Amazon (AMZN) is presented as a core AI investment to buy under $300 per share, driven by its dominant AWS cloud platform and strong growth. Similarly, Google (GOOGL) is considered a buy under $340, with the market undervaluing its powerful Cloud, YouTube, and Subscriptions segments. For long-term investors who can handle volatility, semiconductor leader ASML (ASML) is a recommended buy under $1,000. A higher-risk, high-reward opportunity is Duolingo (DUOL), which is a buy under $400 for its leadership in applying AI to education. The key is to focus on these industry leaders for long-term compounding, looking past short-term price movements.

Detailed Analysis

Google (GOOGL)

  • The host presents Google as a top-five investment option today, describing it as having "low downside and high upside."
  • Despite being up 27% year-to-date, the stock is still considered undervalued, trading at a 23 forward PE ratio.
  • The host believes the market is too focused on Google Search and overlooks the company's other powerful assets.
    • Google Search: Continues to grow at double-digit rates and is technologically superior with features like AI Overviews.
    • Google Cloud: The second fastest-growing cloud provider, benefiting from integration with AI models like Gemini and DeepMind.
    • Subscriptions: A rapidly growing $44 billion revenue segment, driven by Google One and YouTube Premium.
    • YouTube: The ad-supported portion is growing at 12-13% per year. The host projects YouTube alone could be worth $1 trillion in five years.

Takeaways

  • The host is very bullish on Google, viewing its current price as an attractive entry point for investors with new capital to deploy.
  • The combination of Cloud, YouTube, Subscriptions, and its core Search business creates a diversified and powerful company.
  • Actionable Insight: The host states that Google is about $100 undervalued and considers it a buy under $340 per share.

Amazon (AMZN)

  • Described as a "low hanging fruit" and one of the easiest, most obvious investment choices in the AI theme.
  • The company is still growing revenue at 11% year-over-year, with its most important, high-margin segments growing even faster.
  • AWS (Amazon Web Services) is a key driver, with reports suggesting its growth may accelerate from its current 20%+ rate.
  • Other strengths include its massive retail and logistics network, a growing advertising business, Prime Video, and a huge subscription base of over 300 million Prime members.
  • The host notes that the company is selling at one of the cheapest valuations in its history.

Takeaways

  • The host is bullish on Amazon as a core AI leader for the next five years, citing its strong fundamentals and reasonable valuation.
  • Investors are encouraged not to have "anchoring bias" (i.e., not buying because the price is higher than it was a few months ago), as the company is fundamentally stronger today.
  • Actionable Insight: The host considers Amazon a buy today and believes it will remain a buy under $300 per share.

ASML (ASML)

  • The host identifies ASML as a key leader in the AI revolution, currently trading at a 29 forward PE ratio.
  • A major predictable strength is its "install-based management and service growth," which is expected to grow over 20% in 2025. Since nearly every machine ASML has ever sold is still in operation and requires servicing, this creates a reliable, compounding revenue stream.
  • Risk Factors: The stock is subject to high volatility, especially around earnings reports.

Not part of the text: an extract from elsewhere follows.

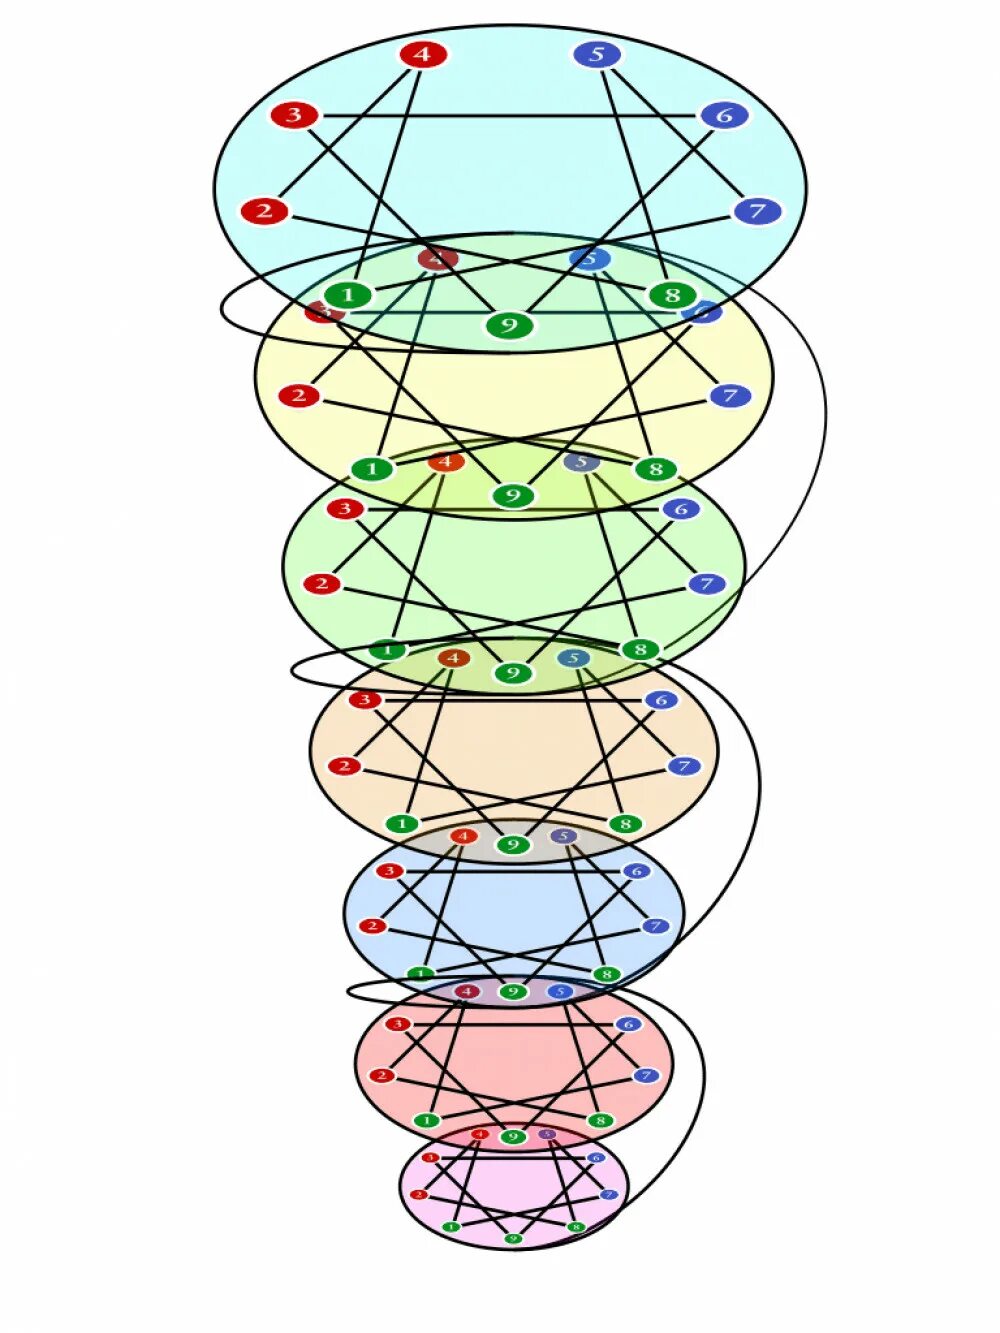 Автор спиральной динамики. Спиральная динамика Грейвза. Спираль динамики. Теория спиральной динамики. Модель спиральной динамики.

Key risks to watch for are commentary on geopolitical tensions with China, export restrictions, and other macro uncertainties. The host notes that negative commentary on these topics previously caused a 10% drop in the stock.

Takeaways

  • ASML is presented as a solid long-term investment that is expected to compound at over 15% for the next five years.
  • This stock is not for the faint of heart. Investors must be prepared for significant price swings (10-15% drops) after quarterly reports and should have a long-term mindset.
  • Actionable Insight: The host believes you can safely buy ASML under $1,000 per share and expect positive long-term returns, provided you can handle the volatility.

Netflix (NFLX)

  • The host is extremely bullish on Netflix, arguing it is an AI company not because it creates AI models, but because it is in the best position to leverage AI.
  • AI Use Cases:
    • Enhancing content production and making stories more authentic.
    • AI-powered search and content recommendations.
    • Auto-dubbing content for global audiences.
    • Analyzing show performance (ROI, retention, completion rates) to make better investment decisions.
  • The primary bear case is its high valuation at a 40 PE ratio.
  • The host refutes this by pointing to its phenomenal growth (EPS growth over 50% recently) and predictability. He argues a high PE is justified for a company with such a strong growth rate, global scale, pricing power, and $8.5 billion in free cash flow.
  • The content slate is also seen as a major strength, with the final season of Stranger Things expected to "own the holiday season."

Takeaways

  • The host believes the bear case for Netflix is "incredibly weak" and that the stock will be "substantially higher" in the next five years.
  • Netflix's ability to leverage AI across its entire business, combined with its market dominance and financial strength, makes it a rare and powerful investment.
  • The internal management goal is to grow Netflix to a $1 trillion market cap.

Duolingo (DUOL)

  • This is presented as a "more controversial pick" with higher risk but potentially very high reward.
  • The host addresses common criticisms:
    • "It's just an app": The host counters that many of the world's largest tech companies (Meta, Google) are primarily app-based.
    • "It's just a ChatGPT wrapper": While Duolingo is the #1 customer of OpenAI's API, the host sees this as a strength. It proves Duolingo is the best at leveraging and distributing AI at scale for its purpose. It controls the customer experience and can easily switch AI model providers if needed.
  • Its high 75 PE ratio is justified by its explosive growth, including 73% year-over-year EPS growth and 47% subscription revenue growth.

Takeaways

  • Duolingo is a high-risk, high-reward play on the application layer of AI in education.
  • Its position as OpenAI's top customer demonstrates its leadership in applying AI to its product, which is a key part of the bull thesis.
  • Investors should be aware of the higher risk profile compared to the other stocks mentioned.
  • Actionable Insight: The host believes Duolingo is a buy under $400 per share but advises that investors should size their position appropriately for the higher risk involved.

Other Investment Insights

Broadcom (AVGO)

  • Context: The stock jumped 10% on news of a multi-billion dollar partnership with OpenAI to co-design custom AI accelerator chips.
  • Takeaway: This is a bullish development for Broadcom, placing it directly in the AI infrastructure buildout. It also highlights a broader trend of semiconductor and hardware companies getting a major boost from deals with leading AI labs like OpenAI.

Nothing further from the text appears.